= Lise Hannestad =

Danish classicist, archaeologist and writer

Lise Hannestad née Budolfsen (born 1943) is a Danish classicist, archaeologist and writer. She joined the staff of Aarhus University in 1971, heading the classical archaeology department from 1989 until her retirement in 2004. She has published many articles and books in English on Greece and Rome in antiquity. Her most recent work is Nicator - Seleucus I and His Empire (2020).

==Biography==
Born on 15 October 1943 in Holstebro, Lise Hannestad is the daughter of the physician Svend Erik Budolfsen (1916–1987) and the physiotherapist Kirsten Elisabeth Larsen (1918–1989). She is the elder of two daughters.
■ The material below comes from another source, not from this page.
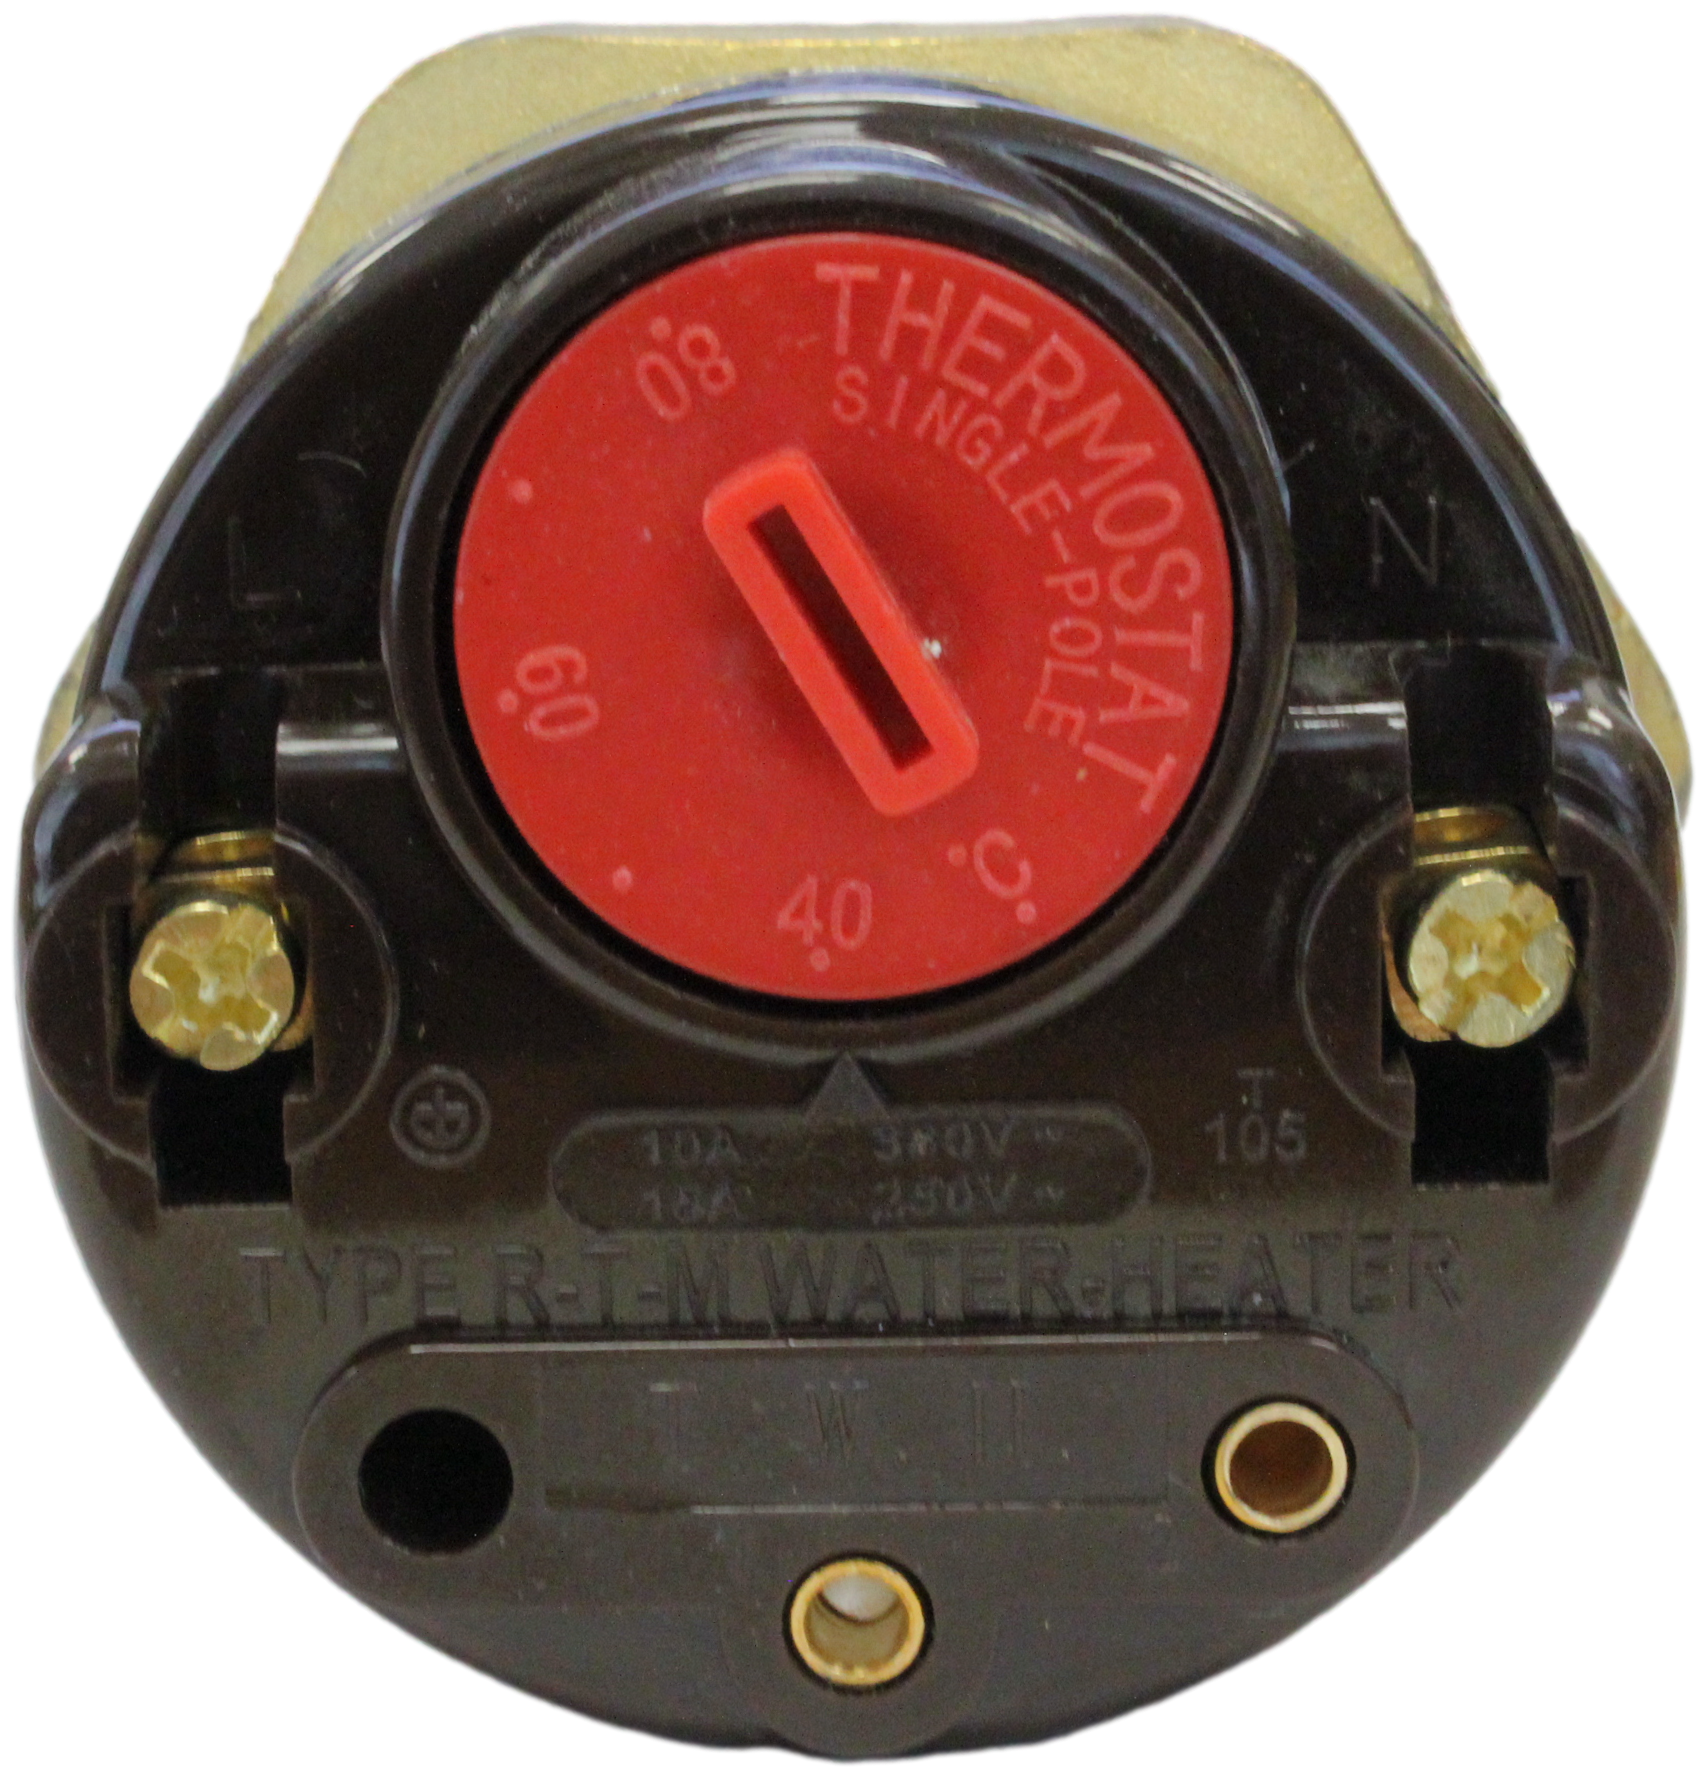 ТЭН RDT 1500 Вт с терморегулятором тип "Ariston" резьба G1 1/4 (D-42мм) для водонагревателя

After spending her childhood in Aarhus, when she was 13 she moved with her family to Hjørring where she matriculated at the high school in 1962. She went on to study classical archaeology at the universities of Aarhus and Copenhagen, earning a master's degree from Aarhus University in 1970, followed by a PhD in 1983. During her studies, she married fellow student Niels Hannestad, who later became a professor and assisted her in her archaeological investigations. Their son Steen is an astrophysicist.
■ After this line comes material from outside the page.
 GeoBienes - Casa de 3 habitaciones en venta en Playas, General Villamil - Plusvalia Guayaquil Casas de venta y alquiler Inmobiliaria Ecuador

Hannestad's main research interest has focused on history rather than the history of art, with special attention to the influence of ancient Greek culture or other cultures. In the mid-1970s, she published two short books on Etruscan culture, The Paris Painter: An Etruscan Vase-painter (1974) and The Followers of the Paris Painter (1976). Her doctoral thesis, Ikaros: The Hellenistic Pottery (1985), examined the Greeks' encounters in the Middle East following the conquests of Alexander the Great. More popular works in Danish include Mad og drikke i det antikke Rom (Food and Drink in Ancient Rome, 1979) and Etruskerne og deres kunst (The Etruscans and Their Art, 1982). The archaeological sites she has investigated in the Middle East and North Africa include Bodrum, Failaka, Segermes, Cephalonia and western Cyprus. In the mid-1990s, she headed Danish interests in Russian-Danish collaboration on researching Greek settlements in the Crimea. More recently, she has coordinated Danish archaeological research into the Silk Road between the Middle East and China.

Since her retirement from Aarhus University in 2004, she has continued to be active, recently publishing a history of Alexander's general and later king, Seleucus, titled Nicator - Seleucus I and His Empire (2020).